Reading through the Guardian’s covevage – a journalist had called me a couple of weeks ago to get the lowdown – I was struck how One Nation it all sounded:

Bickerstaffe Lodge prides itself on individual relationships with parents, an approach it believes is the key to successful cashflow management at the nursery and early years centre and after school club near Ormskirk, Lancashire….
 
To ensure dependable cashflow, many nurseries invoice in advance, often for a month or a whole term, which can be very expensive. Most offer standard – sometimes strict – terms. Paul Cotterill, one of three directors who runs the Lodge as a not-for-profit organisation known as Bickerstaffe Children’s Services Ltd, says that often this lack of flexibility can lead to late payment or default, the exit of the child from the nursery, or loss of trust.
 
Identifying these pitfalls, Bickerstaffe operates a flexible, individually-tailored approach based on relationships with each and every parent.

“Right from the start we had a bit of unspoken flexibility,” Cotterill explains. “It wasn’t a crystal-clear business decision, it was more of a subtle switch that moved the invoicing process from a transaction approach to a relationship approach.”

Had we really, I wondered into my coffee, been developing a relational state for ages, long before the IPPR manual on it came out, even before Labourlist’s One Nation week told us how to behave relationally, and without even realising what we were up to?

Yes, we had been, I decided. Indeed, when I read Tess Laming’s contribution to the IPPR report, it felt like she might have been making notes at the back of the cramped nursery office, as we discussed how to go about cashflow management in a way which met our business needs not just in terms of cash but also in in terms of overall quality, and – crucially – in a way which met the legitimate demands of our staff to ‘do the right thing’ by our parents: As Tess says:

Crucially, the logic of a democratic and relational state must extend to a new political economy that does not seek simply to maximise shareholder coffers but to balance the interests of capital, labour and wider society, build the legitimacy of employees’ voices in the workplace and ensure their creative potential doesn’t go to waste (p.56).

And it seems to me that, high-falutin’ as all this ‘relational state’ John Cruddas stuff may sound at first, if it’s actually simply reflecting intellectually what’s happening in ‘best practice’, then there must be something in it, and Labour may well be on the right track with its new political philosophy.

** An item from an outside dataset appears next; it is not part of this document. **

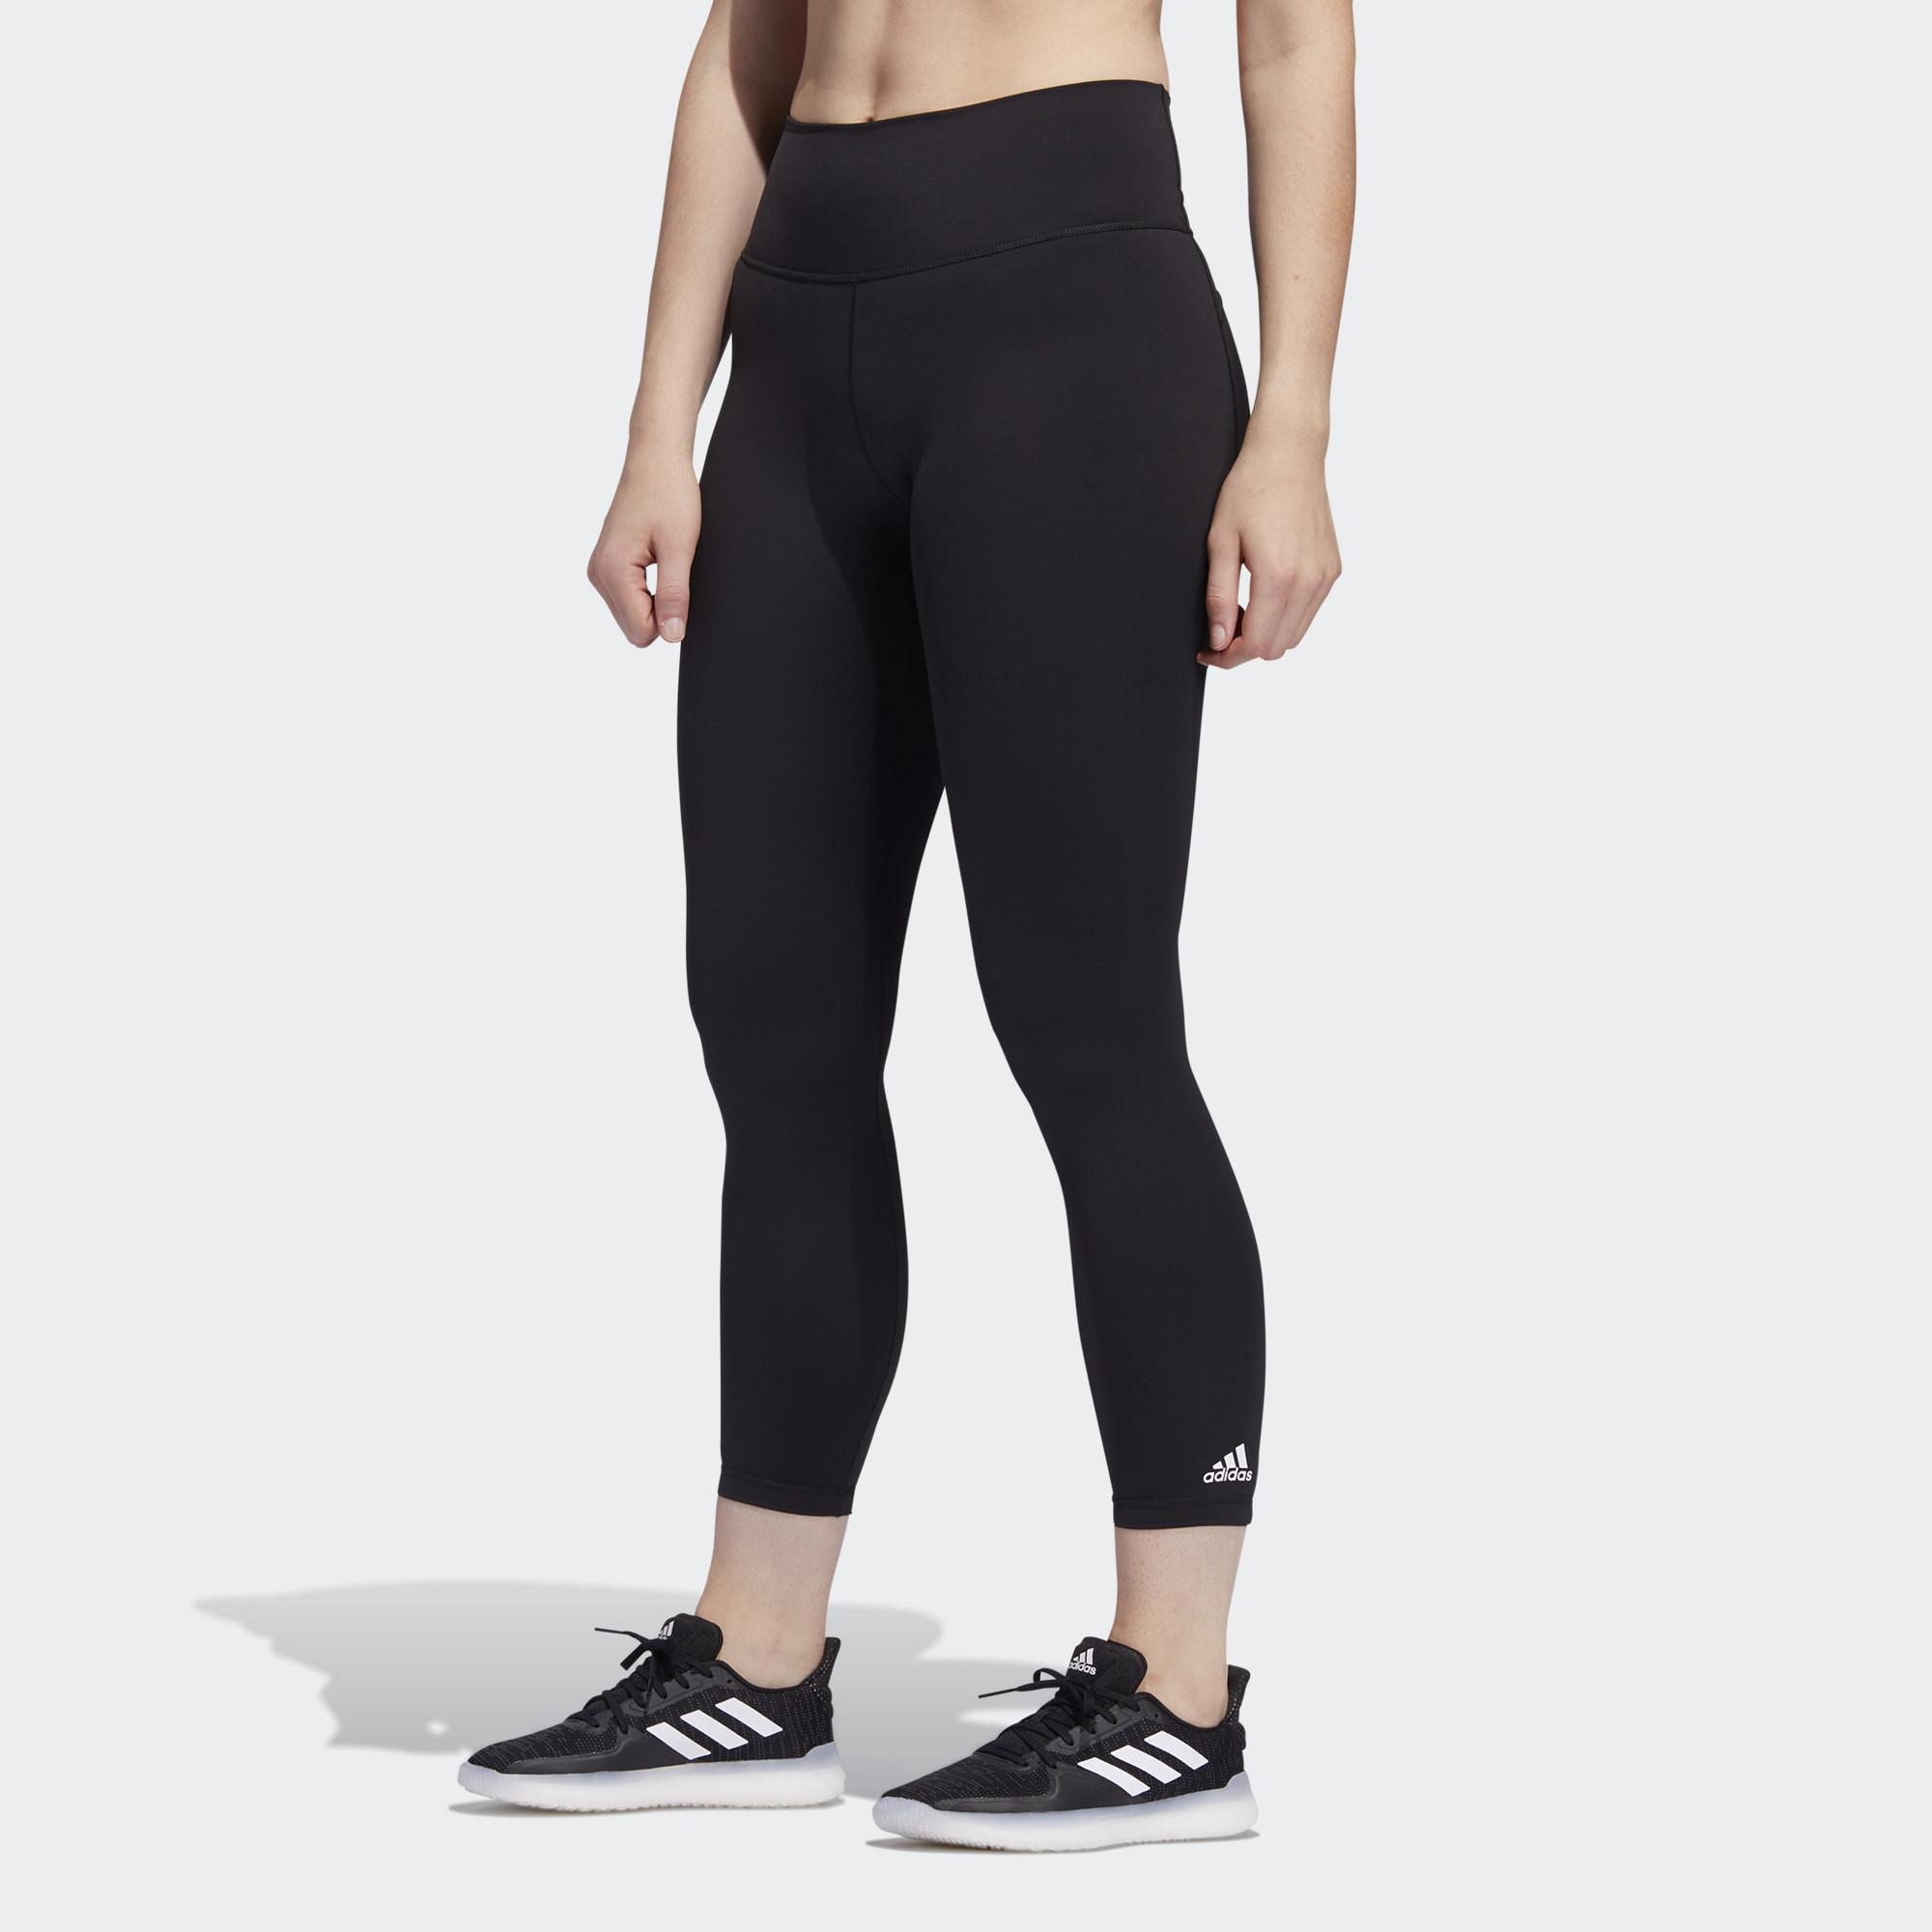 adidas Believe This 7/8 Γυναικείο Κολάν (9000045107_1469)

The challenge now is to ensure that, as political philosophy is translated into party policy over the next couple of years, that policy remains rooted in the ‘best practice’ of organisations like ours, and workers who stand in solidarity – a term which has slipped rather from the Labour lexicon – with the people they work for. Or, as Marc Stears says much more eruditely:

Most human relationships are mediated through some form of institution, be it formal or informal. These institutions provide a structure that enables relationships to persist across time in a way that ensures they are not entirely dependent on the whim of any individual at any particular moment. Persistent organisation of this sort is what distinguishes the euphoric moments of communality that accompany one-off events, such as the Olympic Games or a music festival, from the sustainable relationships that are needed if we are to flourish in the ways that many of us are seeking. Traditional institutions, including trade unions and cooperatives, played this role during the tumultuous time of industrialisation, but many have struggled mor e recently. An agenda focused on relationship-building should begin by promoting our collective institutional life (p.41).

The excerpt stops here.